In the present work, the importance of eye position during naturalistic viewing was assessed during a separate experiment during which a subset of participants viewed an additional repetition of the stimulus while maintaining central fixation during the entire viewing session. The correlation magnitude between voxelwise responses in visual cortex within viewing conditions indicated synchronized brain responses across participants; however, cortical responses from mismatched viewing conditions did not show the synchronization effect (Fig. 4). In this experiment, participants confirmed their ability to comply with the fixation instructions by self-report. In future work, eye tracking can confirm compliance with experimenter-imposed gaze conditions and provide better characterization of eye position during free viewing.
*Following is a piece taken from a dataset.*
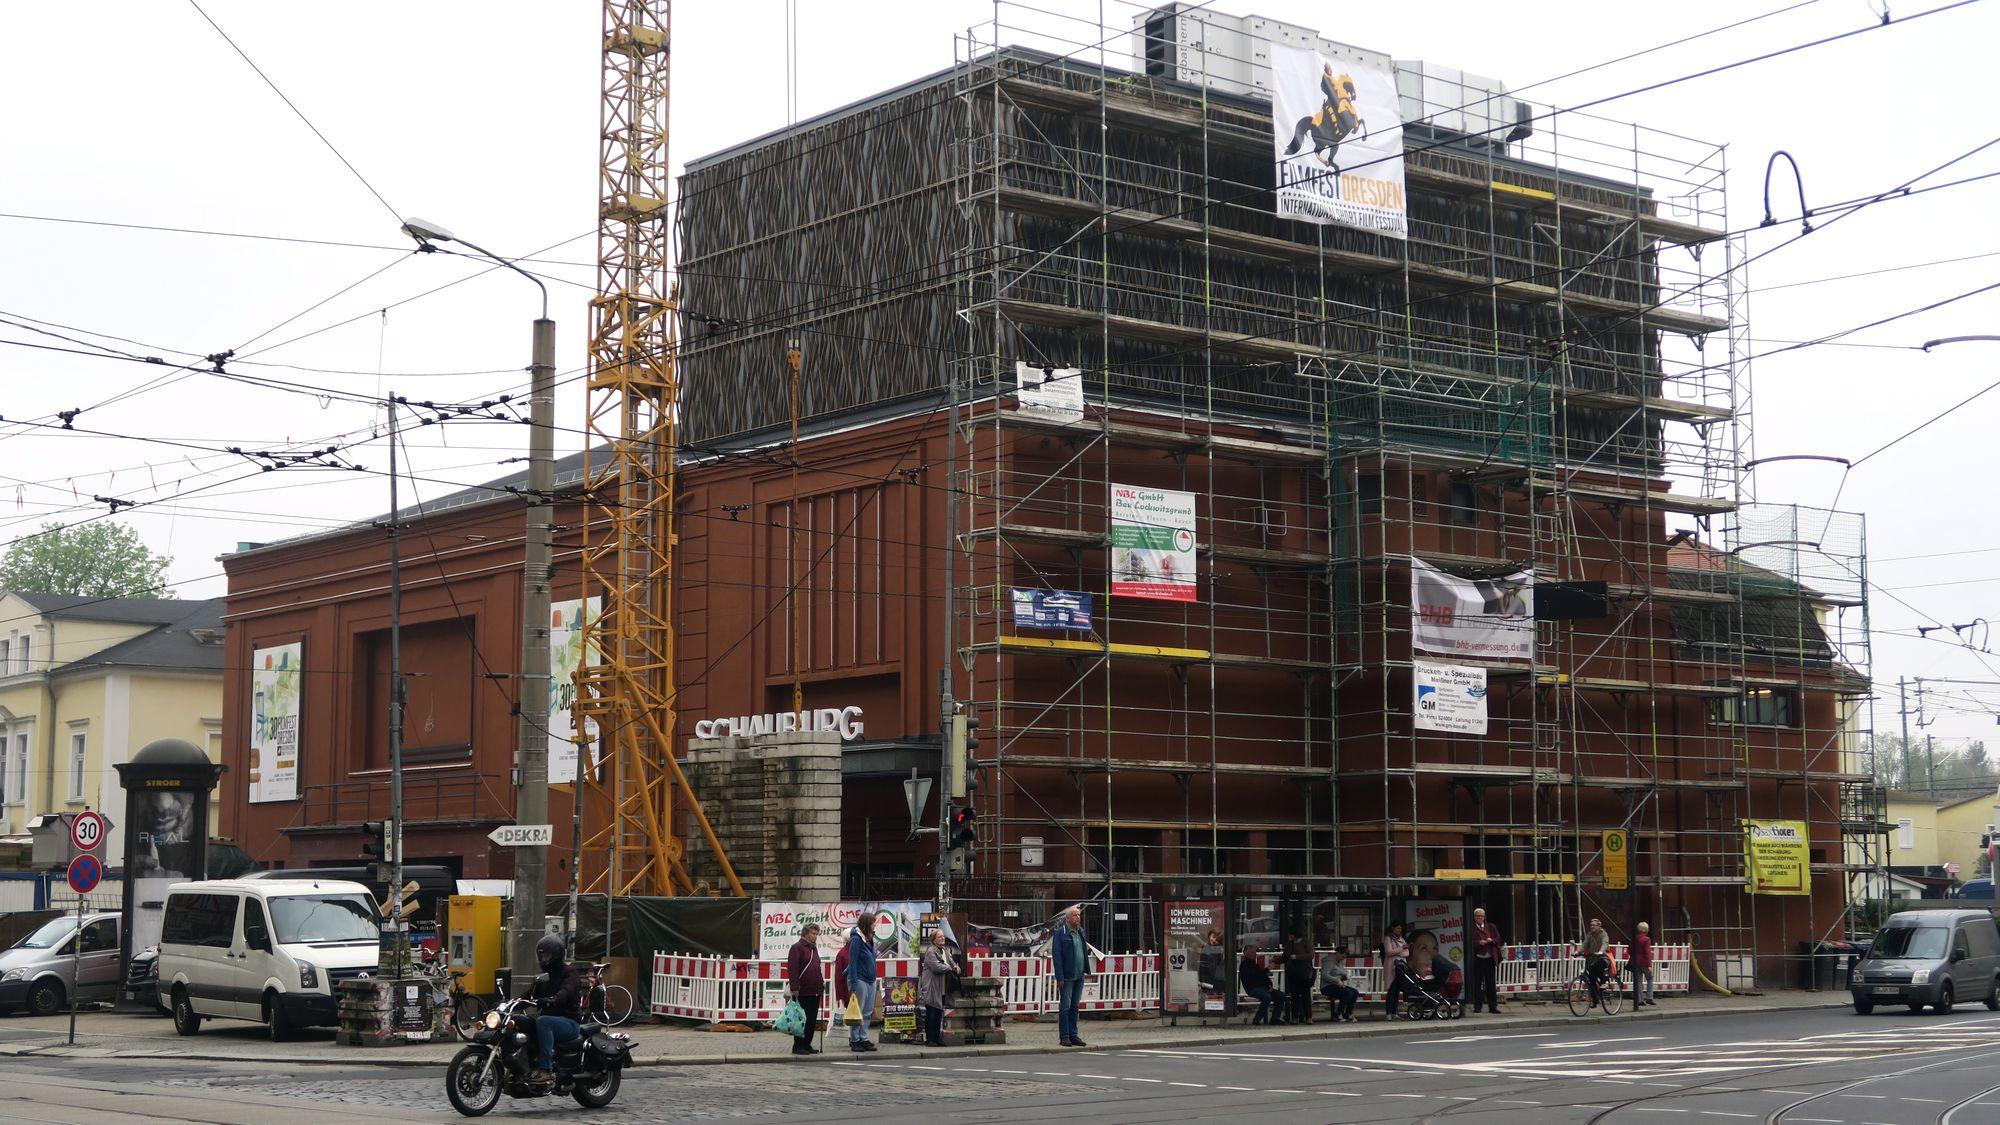 Festival-Kino Schauburg - Das Kino mit dem Kran.

An additional limitation of the present experiments is the utilization of a single movie clip. Importantly, not all movies are equally suitable for mapping particular features of interest. For instance, an animated movie with animal characters (e.g. Finding Nemo) would likely be poorly suited for mapping cortical responses to visually presented hands. Further, a boring or difficult to understand movie (e.g. Waiting for Godot) may result in diminished synchronization resulting from poor attentiveness or comprehension61. Future work employing naturalistic viewing paradigms can assess the efficacy of differing stimuli in performing functional brain mapping within a given domain of interest, as well as expand the set of features used for a given movie clip. In addition to the low and high-level sensory features used in this work, movie stimuli contain rich social, emotional, and narrative content that engage higher-order brain functions54,55. Sex-related differences have been reported in social and emotional processing in imaging and behavioral studies using non-naturalistic designs64,65. While the sample in this study was neither sufficiently powered nor balanced to assess potential sex-related effects, naturalistic designs such as passive movie viewing offer a convergent experimental strategy to further explore these sex-related differences in social and emotional processing.

Using optical neuroimaging tools to study the brain during naturalistic viewing conditions has broad applicability for experimental questions demanding rich, engaging stimuli alongside wearable and ergonomic imaging tools17,66. Developmental cognitive neuroscience has benefitted from the broad applicability of optical neuroimaging tools for imaging the developing brain16,56,57,58,67,68,69. Paired with optical neuroimaging, the movie-based imaging paradigm described in this paper provides engaging and ecologically relevant study designs for understanding information processing across the lifespan, highlighting the richness of this paradigm for interrogating “real-life” brain function.